Input records
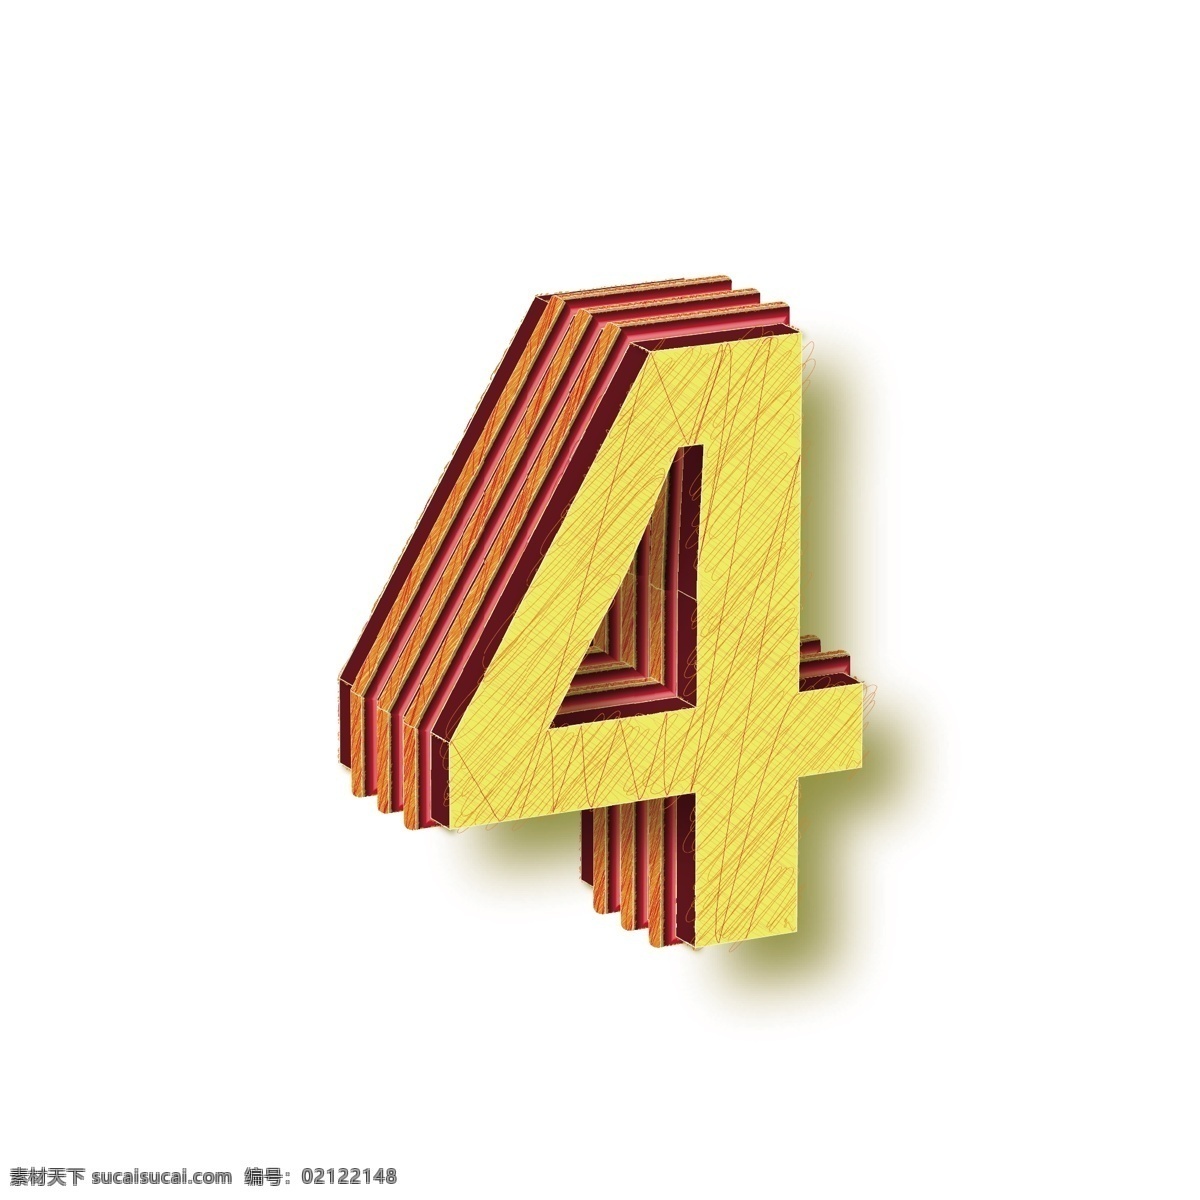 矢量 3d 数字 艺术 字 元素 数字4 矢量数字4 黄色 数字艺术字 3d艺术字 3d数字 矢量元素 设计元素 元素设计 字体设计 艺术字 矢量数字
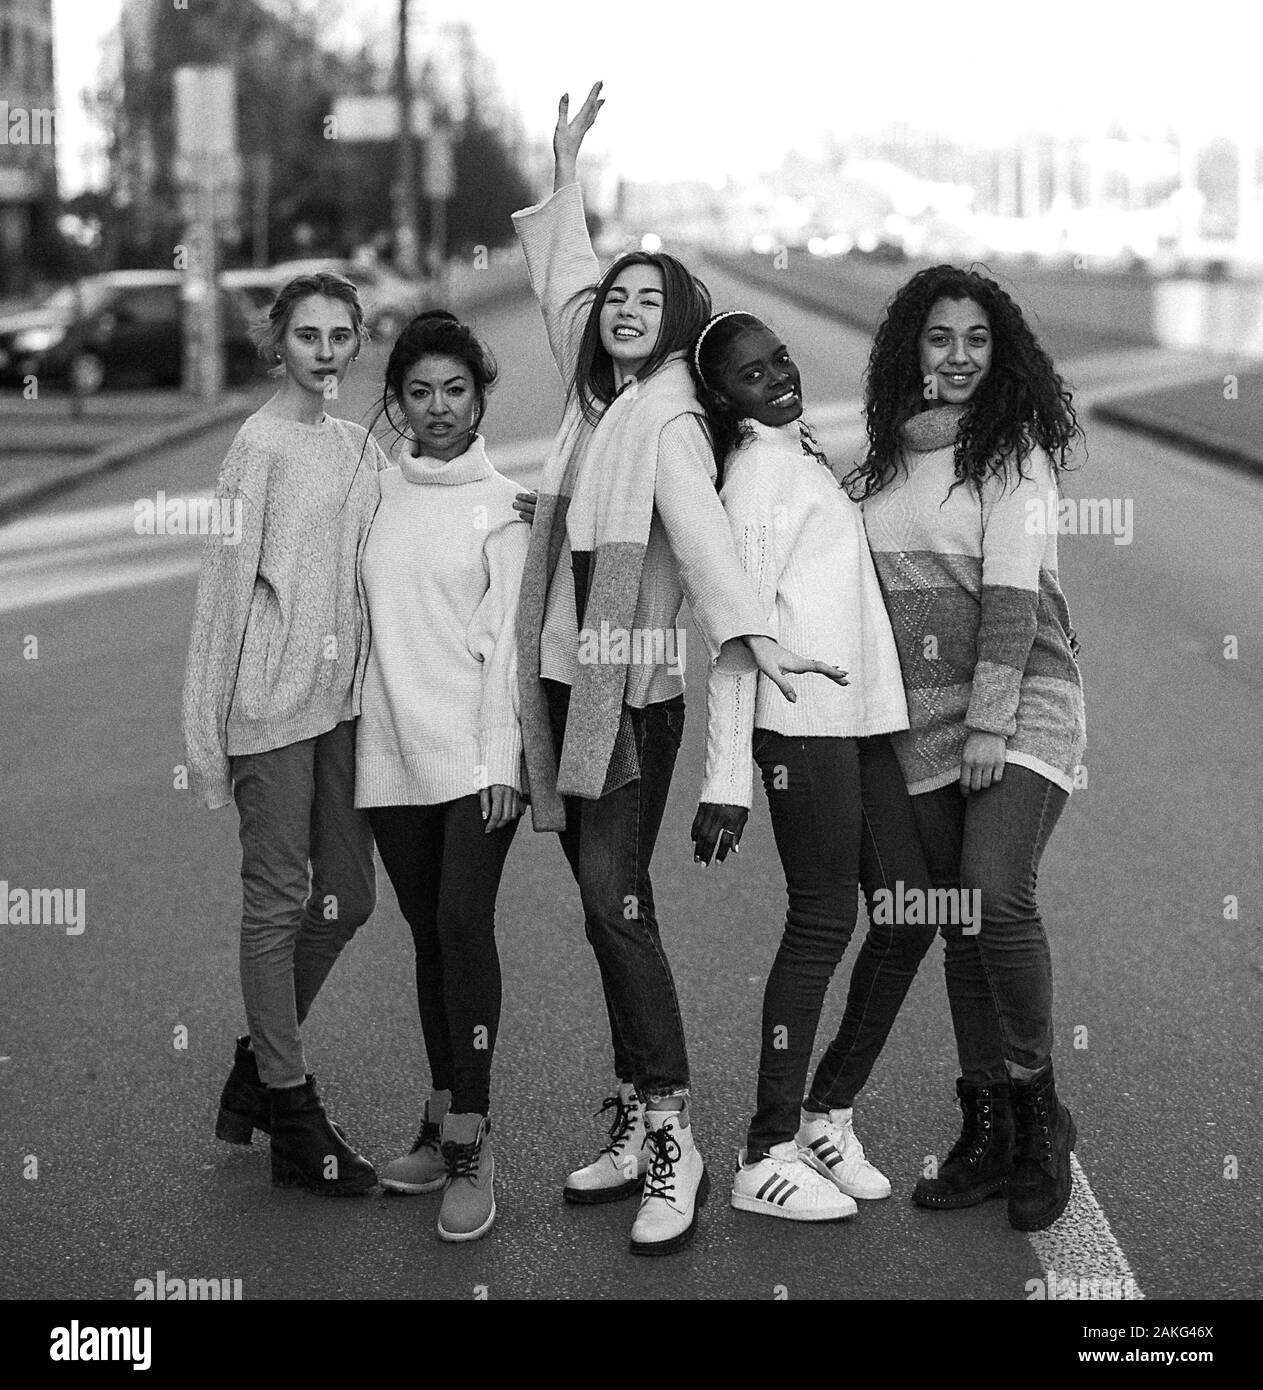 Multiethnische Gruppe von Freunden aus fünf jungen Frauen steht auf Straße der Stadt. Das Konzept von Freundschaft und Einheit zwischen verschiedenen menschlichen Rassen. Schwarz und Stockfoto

* * *

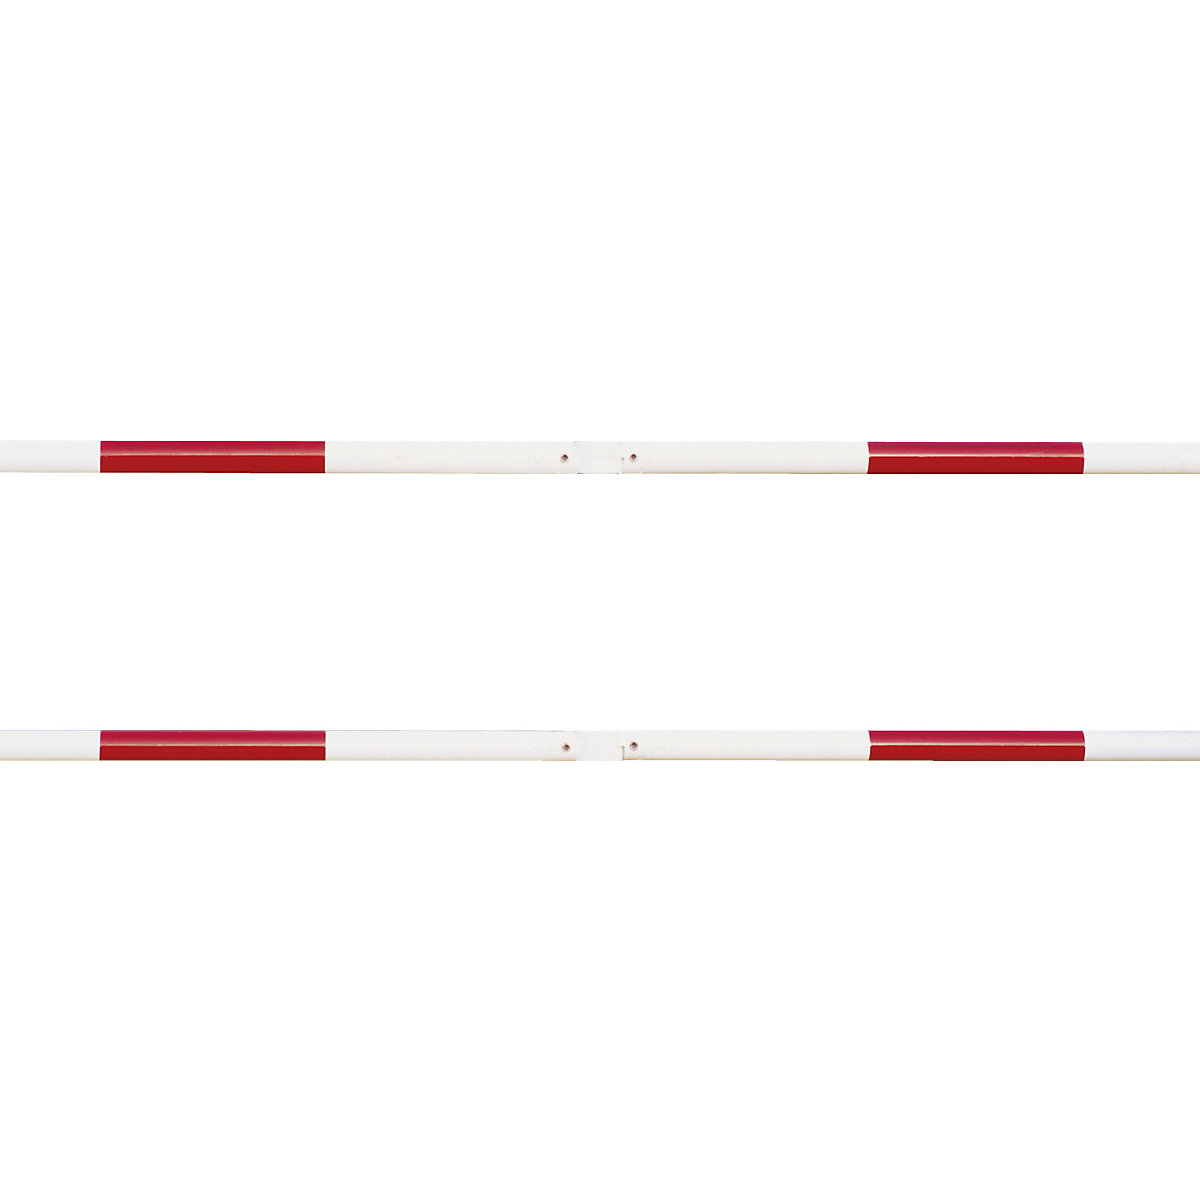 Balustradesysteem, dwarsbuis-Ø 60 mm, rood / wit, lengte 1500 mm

Problem details
Using the data above, transcribe exactly the lines between those containing "矢量 3d 数字 艺术" and "Multiethnische Gruppe von", inclusive, and leave every picture behind.

Your response
 矢量 3d 数字 艺术 字 元素 数字4 矢量数字4 黄色 数字艺术字 3d艺术字 3d数字 矢量元素 设计元素 元素设计 字体设计 艺术字 矢量数字
 Multiethnische Gruppe von Freunden aus fünf jungen Frauen steht auf Straße der Stadt. Das Konzept von Freundschaft und Einheit zwischen verschiedenen menschlichen Rassen. Schwarz und Stockfoto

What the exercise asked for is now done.